The researchers followed up these correlational studies with a set of experiments in which they directly manipulated both this apparent influence on the tendency to cooperate—processing speed—and the cognitive mechanism thought to be associated with this influence—intuitive, as opposed to reflective, decision-making. In the first of these studies, researchers gathered 891 participants (211 undergraduates and 680 participants from a nationwide sample) and had them play a public goods game with one key twist: these participants were forced to make their decisions either quickly (within 10 seconds) or slowly (after at least 10 seconds had passed). In the second, researchers had 343 participants from a nationwide sample play a public goods game after they had been primed to use either intuitive or reflective reasoning. Both studies showed the same pattern—whether people were forced to use intuition (by acting under time constraints) or simply encouraged to do so (through priming), they gave significantly more money to the common good than did participants who relied on reflection to make their choices. This again suggests that our intuitive impulse is to cooperate with others.
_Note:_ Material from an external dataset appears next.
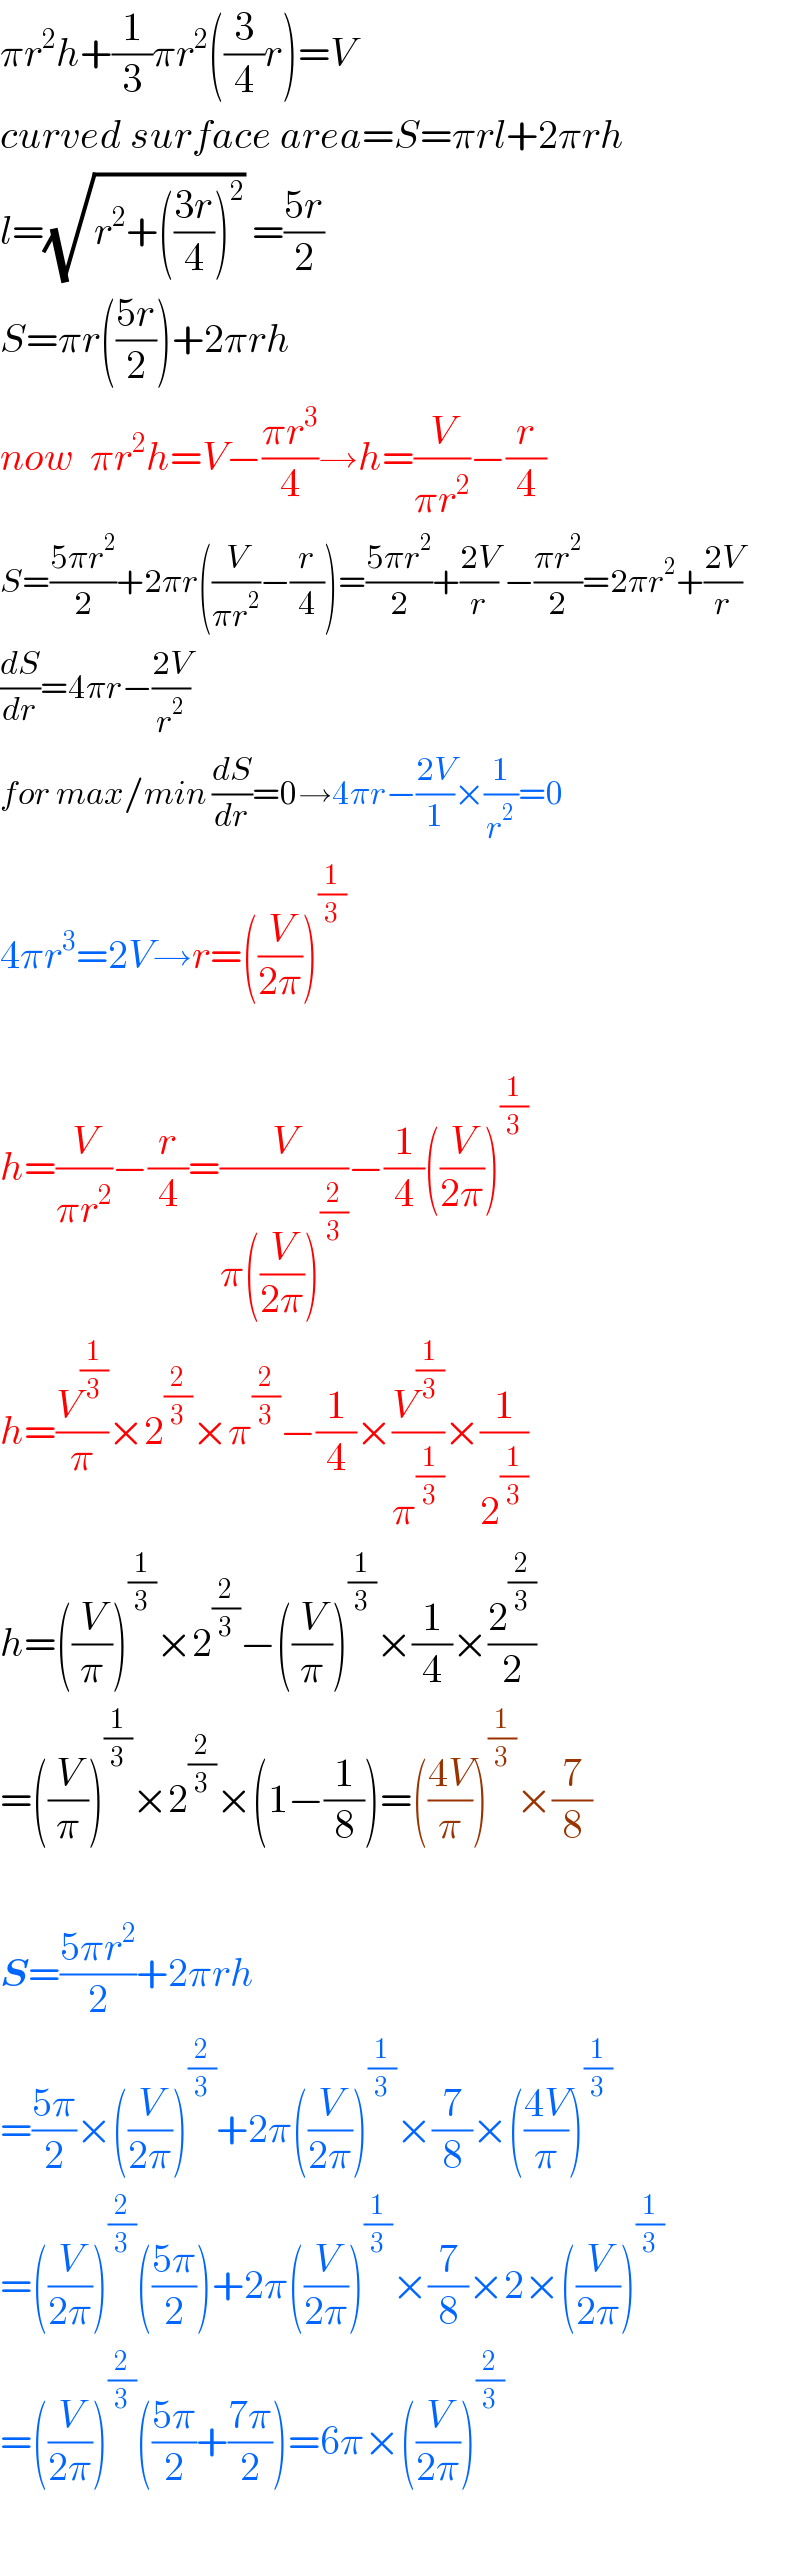 πr^2 h+(1/3)πr^2 ((3/4)r)=V  curved surface area=S=πrl+2πrh  l=(√(r^2 +(((3r)/4))^2 )) =((5r)/2)  S=πr(((5r)/2))+2πrh  now  πr^2 h=V−((πr^3 )/4)→h=(V/(πr^2 ))−(r/4)  S=((5πr^2 )/2)+2πr((V/(πr^2 ))−(r/4))=((5πr^2 )/2)+((2V)/r) −((πr^2 )/2)=2πr^2 +((2V)/r)  (dS/dr)=4πr−((2V)/r^2 )  for max/min (dS/dr)=0→4πr−((2V)/1)×(1/r^2 )=0  4πr^3 =2V→r=((V/(2π)))^(1/3)     h=(V/(πr^2 ))−(r/4)=(V/(π((V/(2π)))^(2/3) ))−(1/4)((V/(2π)))^(1/3)   h=(V^(1/3) /π)×2^(2/3) ×π^(2/3) −(1/4)×(V^(1/3) /π^(1/3) )×(1/2^(1/3) )  h=((V/π))^(1/3) ×2^(2/3) −((V/π))^(1/3) ×(1/4)×(2^(2/3) /2)  =((V/π))^(1/3) ×2^(2/3) ×(1−(1/8))=(((4V)/π))^(1/3) ×(7/8)    S=((5πr^2 )/2)+2πrh  =((5π)/2)×((V/(2π)))^(2/3) +2π((V/(2π)))^(1/3) ×(7/8)×(((4V)/π))^(1/3)   =((V/(2π)))^(2/3) (((5π)/2))+2π((V/(2π)))^(1/3) ×(7/8)×2×((V/(2π)))^(1/3)   =((V/(2π)))^(2/3) (((5π)/2)+((7π)/2))=6π×((V/(2π)))^(2/3)     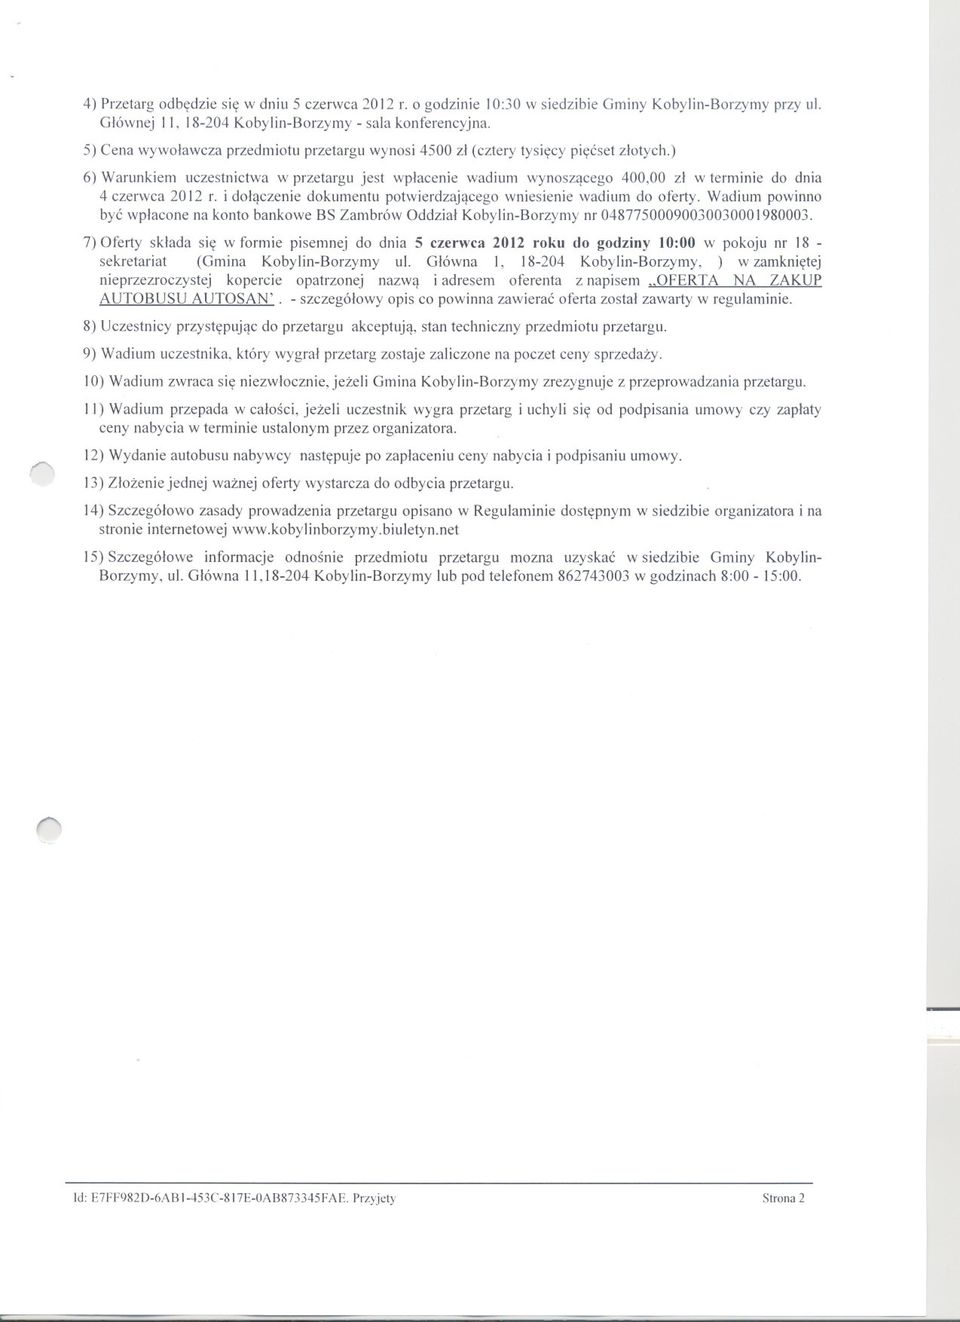 ) 6) Warunkiem uczestnictwa w przetargu jest wplacenie wadium wynoszacego 400,00 zl w terminie do dnia 4 czerwca 2012 r. i dolaczenie dokumentu potwierdzajacego wniesienie wadium do oferty.

Taken together, these studies—7 total experiments, using a whopping 2,068 participants—suggest that we are not intuitively selfish creatures. But does this mean that we our naturally cooperative? Or could it be that cooperation is our first instinct simply because it is rewarded? After all, we live in a world where it pays to play well with others: cooperating helps us make friends, gain social capital, and find social success in a wide range of domains. As one way of addressing this possibility, the experimenters carried out yet another study. In this study, they asked 341 participants from a nationwide sample about their daily interactions—specifically, whether or not these interactions were mainly cooperative; they found that the relationship between processing speed (that is, intuition) and cooperation only existed for those who reported having primarily cooperative interactions in daily life. This suggests that cooperation is the intuitive response only for those who routinely engage in interactions where this behavior is rewarded—that human “goodness” may result from the acquisition of a regularly rewarded trait.